2. Energy-If the Lakers played with the energy they exhibited the first quarter, the game would have had a much different tone. The defense was there in mind; the effort in body was not.
3.Metta World Peace-If anyone needs a helping hand, it’s World Peace. All jokes aside, Ron Ron was terrible for most of the night. He’ll need to produce more to justify extended playing time on a roster loaded with small forwards.
4. Blake Griffin-The guy is the shiz. He posted a monster line of 29 points, five rebounds, and seven assists. You can’t compete with that.
5. Kobe Bryant-In close games like these, it helps to have one of the best closers in the game, injured wrist or not.
Keys to the Future:
1. Three Point Shooting-For these first two games, the Lakers have hit a good percentage of their deep shots (over 40%). If they can keep a good flow in their ball movement, their shooters can only get better looks. In fact, the three ball is what kept the Lakers close in this game. Side note: seeing Steve Blake hit from deep is probably the most encouraging takeaway from this game.

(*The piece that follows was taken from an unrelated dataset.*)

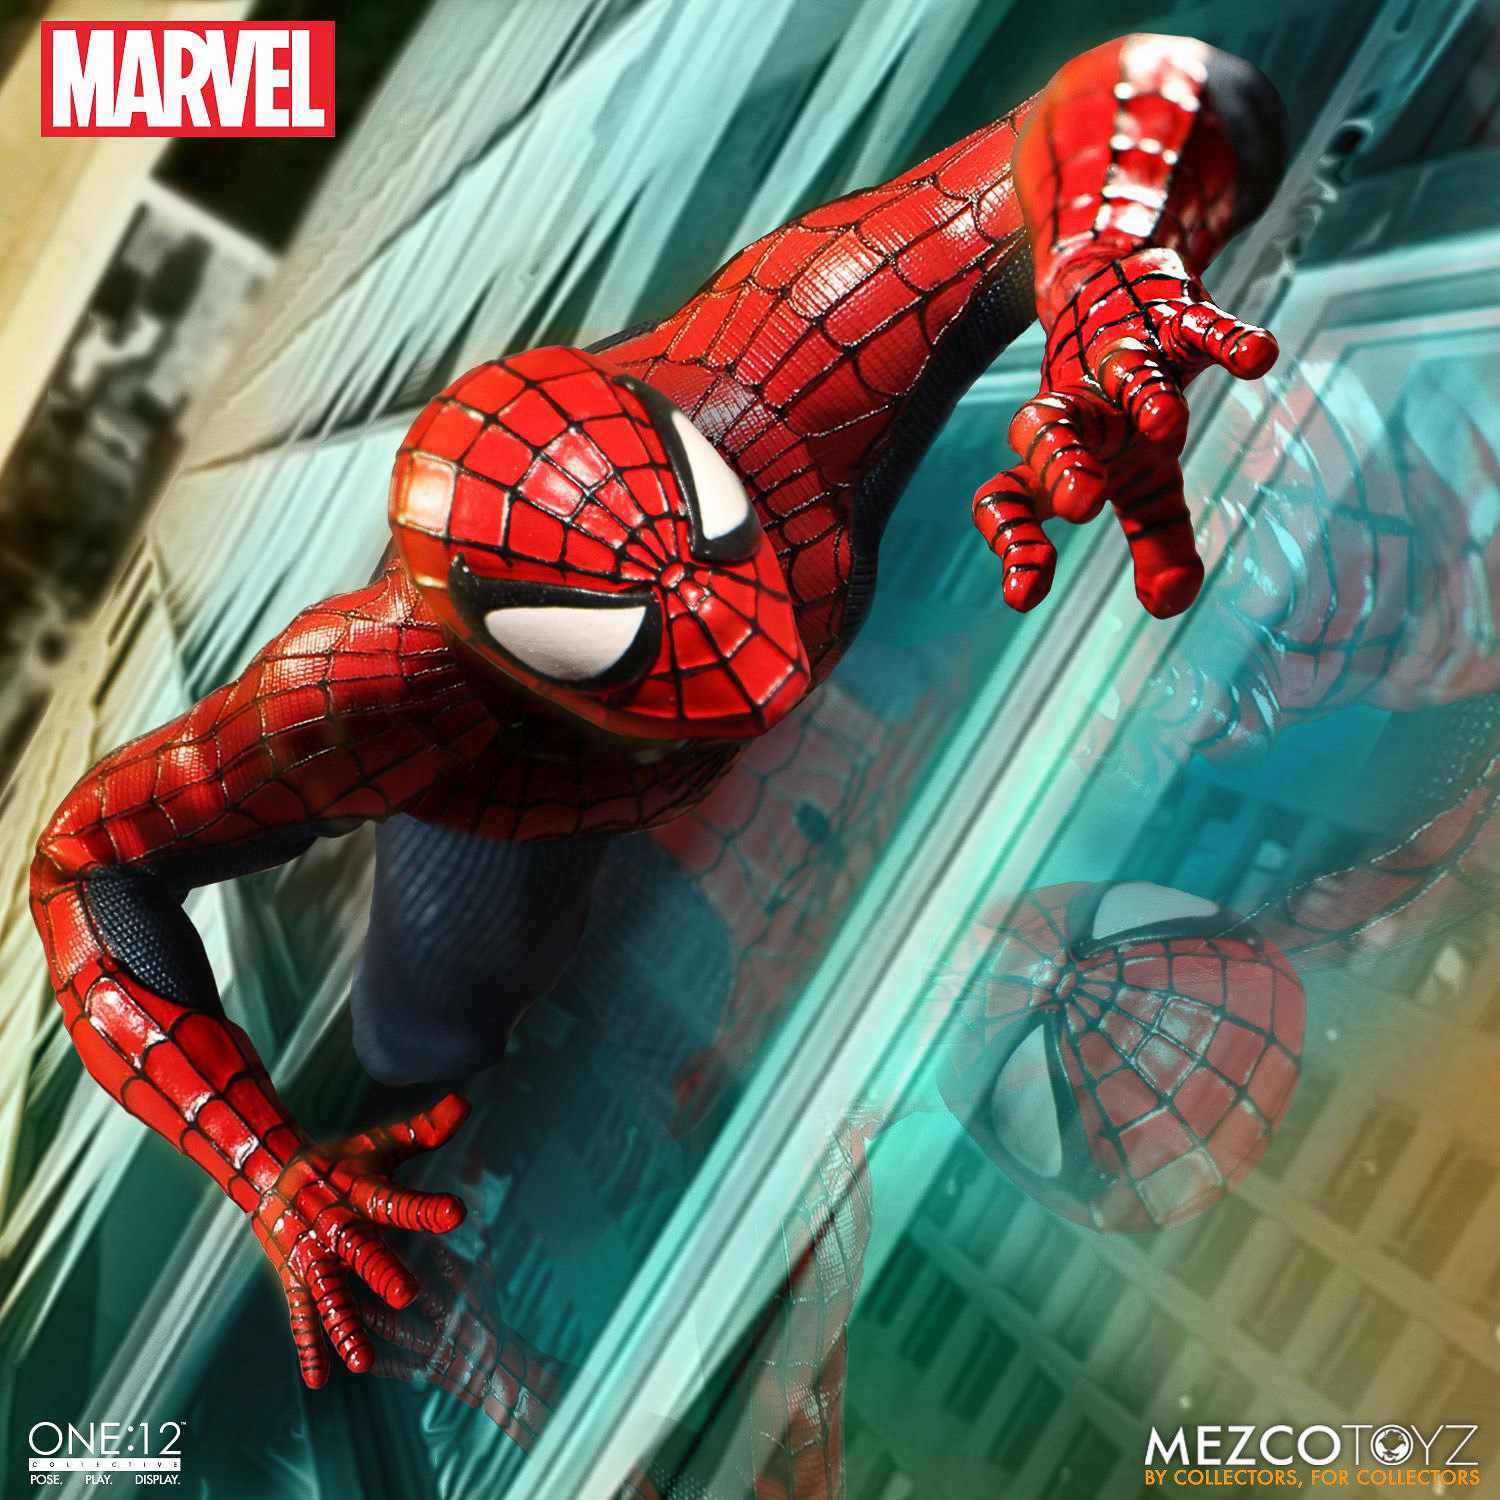 Spider-Man-One-12-Collective-Mezco-Toyz-009.jpg

2. Get the Ball to the Bigs-Bynum and Gasol are incredibly valuable resources. And with the way Bynum played on Wednesday, no sensible Lakers fan would approve a trade that involves sending Bynum AND Gasol to Orlando for Dwight Howard. If Kobe can get them good looks while remaining deadly himself, this team can be extremely good offensively.
3.Take Care of the Ball-‘Nuff said.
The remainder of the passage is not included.